▶ [Task requirements] Each line of the material must be repeated precisely, with the pictures left out.

▶ [Provided material]
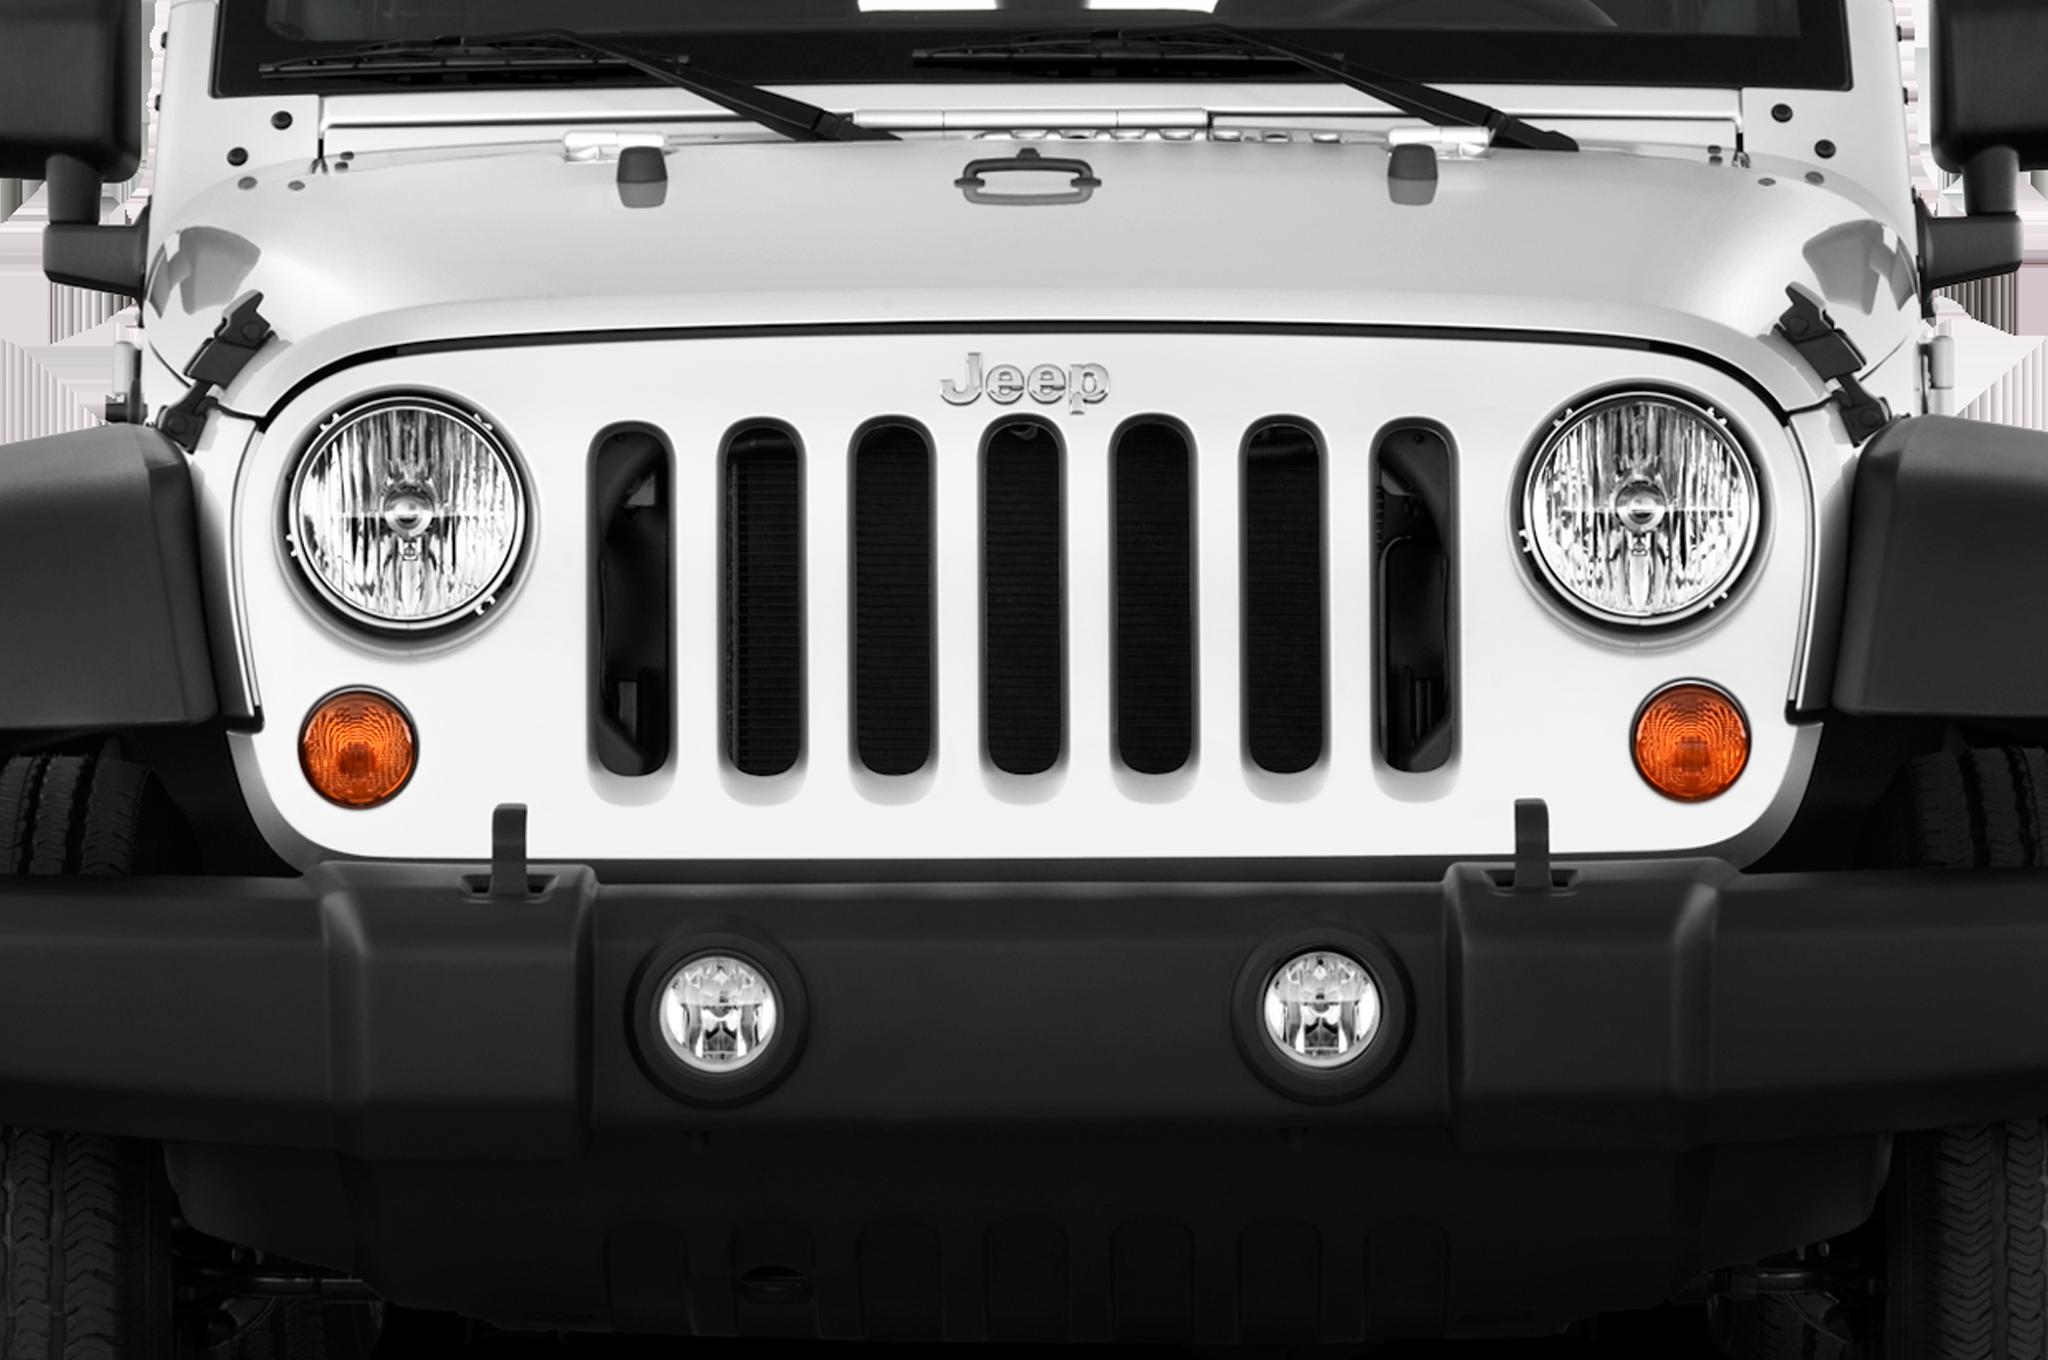 Jeep Wrangler Dealership >> Friendship Chrysler Jeep Dodge RAM of Bristol | New Chrysler, Dodge, Jeep, Ram dealership in ...
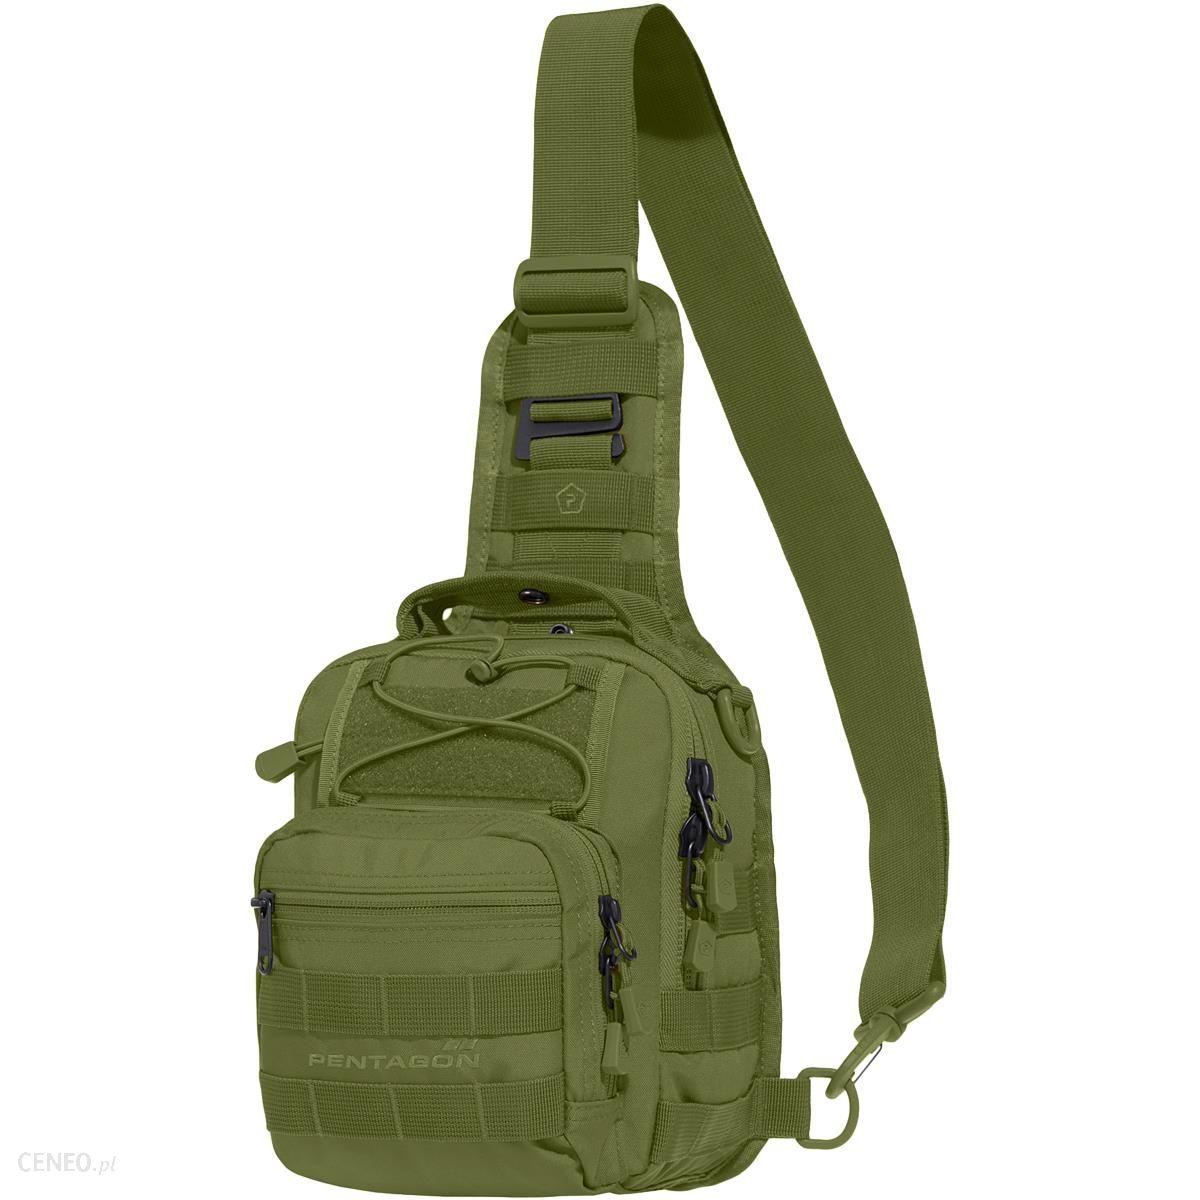 Pentagon Torba Ucb 2.0 Universal Chest Bag Oliwkowa
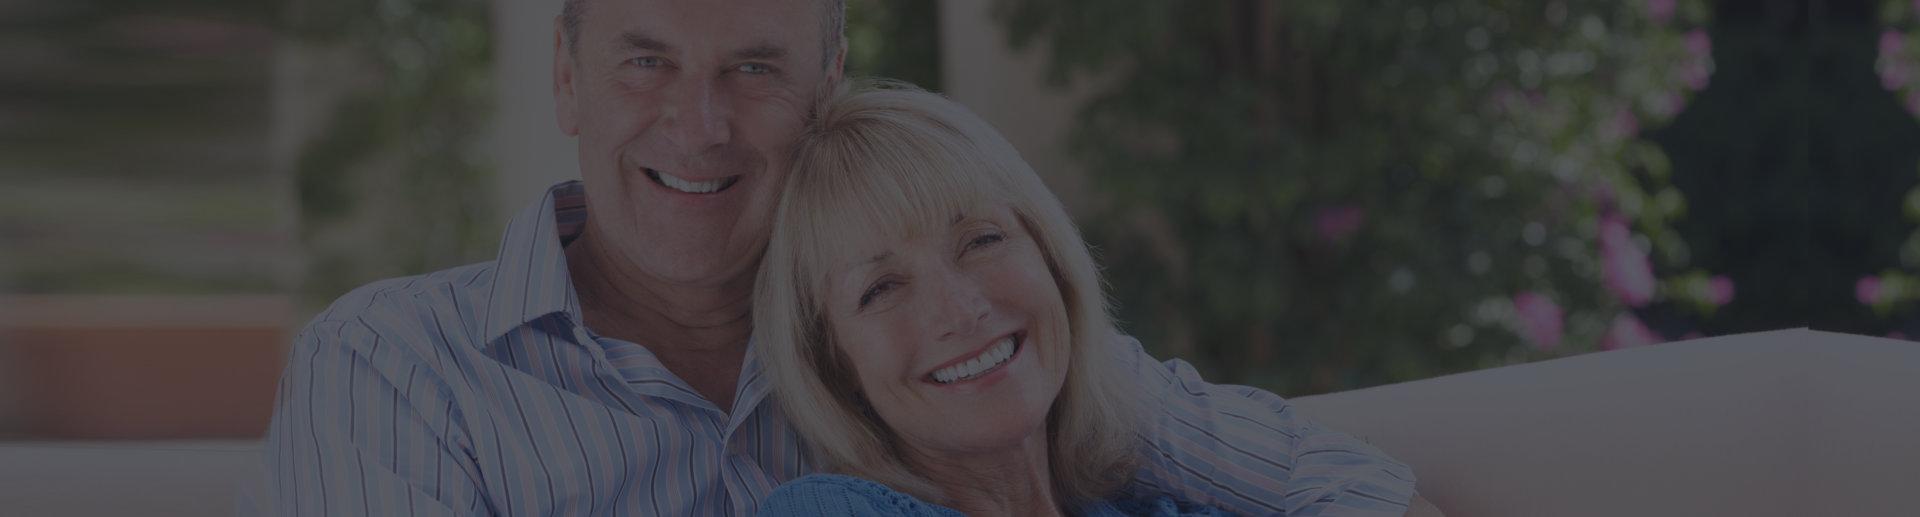 Whitestone Dental - New York - Dr Robert Olan DDS, PC - Periodontics and Dental Implants - Slider 1

▶ [Completed task]
 Jeep Wrangler Dealership >> Friendship Chrysler Jeep Dodge RAM of Bristol | New Chrysler, Dodge, Jeep, Ram dealership in ...
 Pentagon Torba Ucb 2.0 Universal Chest Bag Oliwkowa
 Whitestone Dental - New York - Dr Robert Olan DDS, PC - Periodontics and Dental Implants - Slider 1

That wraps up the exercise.